Oh and NEVER hang drywall WHILE they are stuccoing.....they tend to get pissed when their stucco is sliding down the wall. :laughing:


----------



## trishbk (Dec 22, 2014)

*Update on the Question - Drywall vs. Stucco First*

To clarify on why I'm asking-- tile is weighting down roof, but not installed yet. Have water leaks found with recent heavy rains. Need stucco before tile roof. Have old hardwood floors with this 1946 reno. Do I just tarp it and move forward with insulation, drywall, tape, and paint? Should I do drywall then proceed with stucco? Tape and paint while scratch coat is going on? None of this would be a big deal if we didn't have the rain factor. Thanks.


----------



## Lugnut1968 (Dec 11, 2014)

Oh... now see imho that is a horse of a different color there...

It the roof ain't watertight... and stucco HAS to be done before the roof is made watertight then run the stucco first and hope it holds up. I am in an area where you very very seldom ever see a tile roof so nothing like that ever crossed my mind.


----------



## CrpntrFrk (Oct 25, 2008)

The roof should have been dried in before the roof was stocked. Whatever underlayment that was put down should literally be the roof if it is tile. Being that tile is basically to keep the sun of the underlayment. The tile is not the barrier. 

Our schedule goes like this; frame, dry in, stock roof, drywall, then stucco.


----------



## darthdude (Dec 30, 2012)

trishbk said:


> To clarify on why I'm asking-- tile is weighting down roof, but not installed yet.
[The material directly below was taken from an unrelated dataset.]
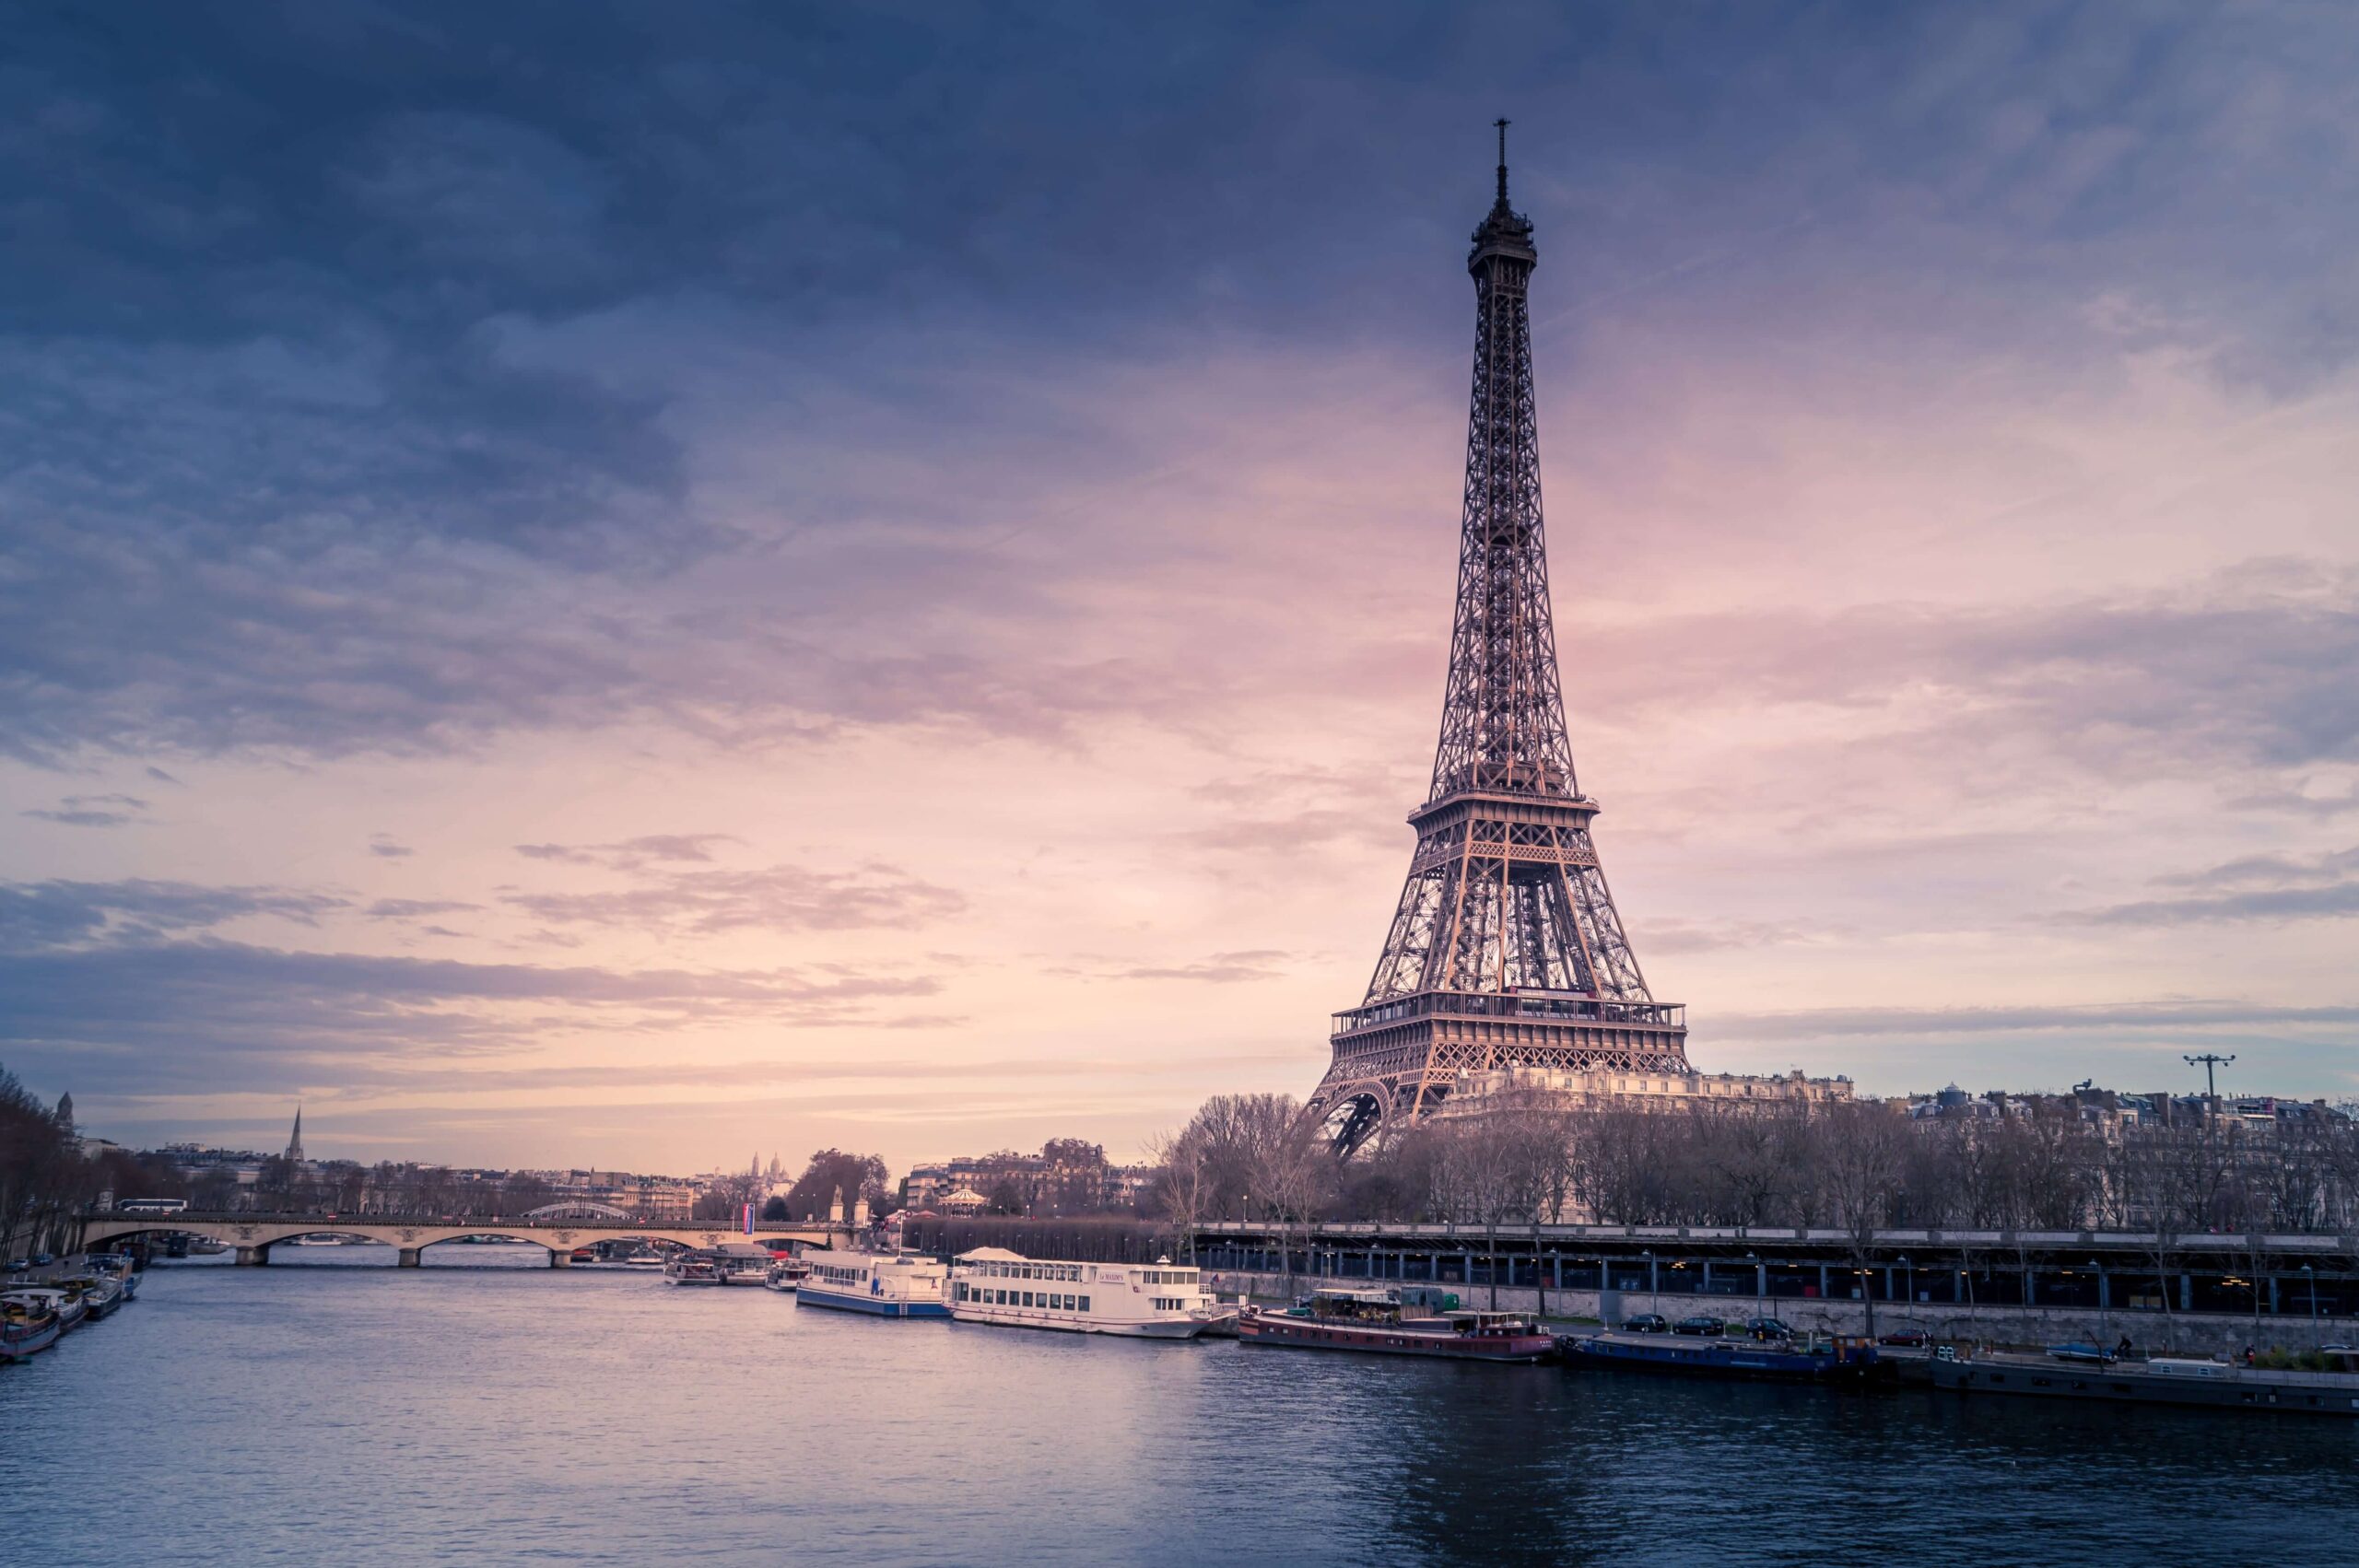 2. Residency Renewal Process for Expats in France

Have water leaks found with recent heavy rains. Need stucco before tile roof. Have old hardwood floors with this 1946 reno. Do I just tarp it and move forward with insulation, drywall, tape, and paint? Should I do drywall then proceed with stucco? Tape and paint while scratch coat is going on? None of this would be a big deal if we didn't have the rain factor. Thanks.


That's a whole different game. I would not insulate or Sheetrock until I had a dried in structure, which it seems you do not have.:sad: it's probably gonna kill your schedule, but get the exterior sound before moving on. Definitely tarp as best you can to protect the existing floors too!


----------



## fjn (Aug 17, 2011)

CrpntrFrk said:


> This is not as bad as it used to be due to the fact that nails are not used as much anymore. But good rule of thumb is to drywall first then stucco.
> 
> Oh and NEVER hang drywall WHILE they are stuccoing.....they tend to get pissed when their stucco is sliding down the wall. :laughing:





Around here (N.W. In.) even the tract homes have the drywall screwed to framing. All others are usually glued and screwed,so no banging on studs.


----------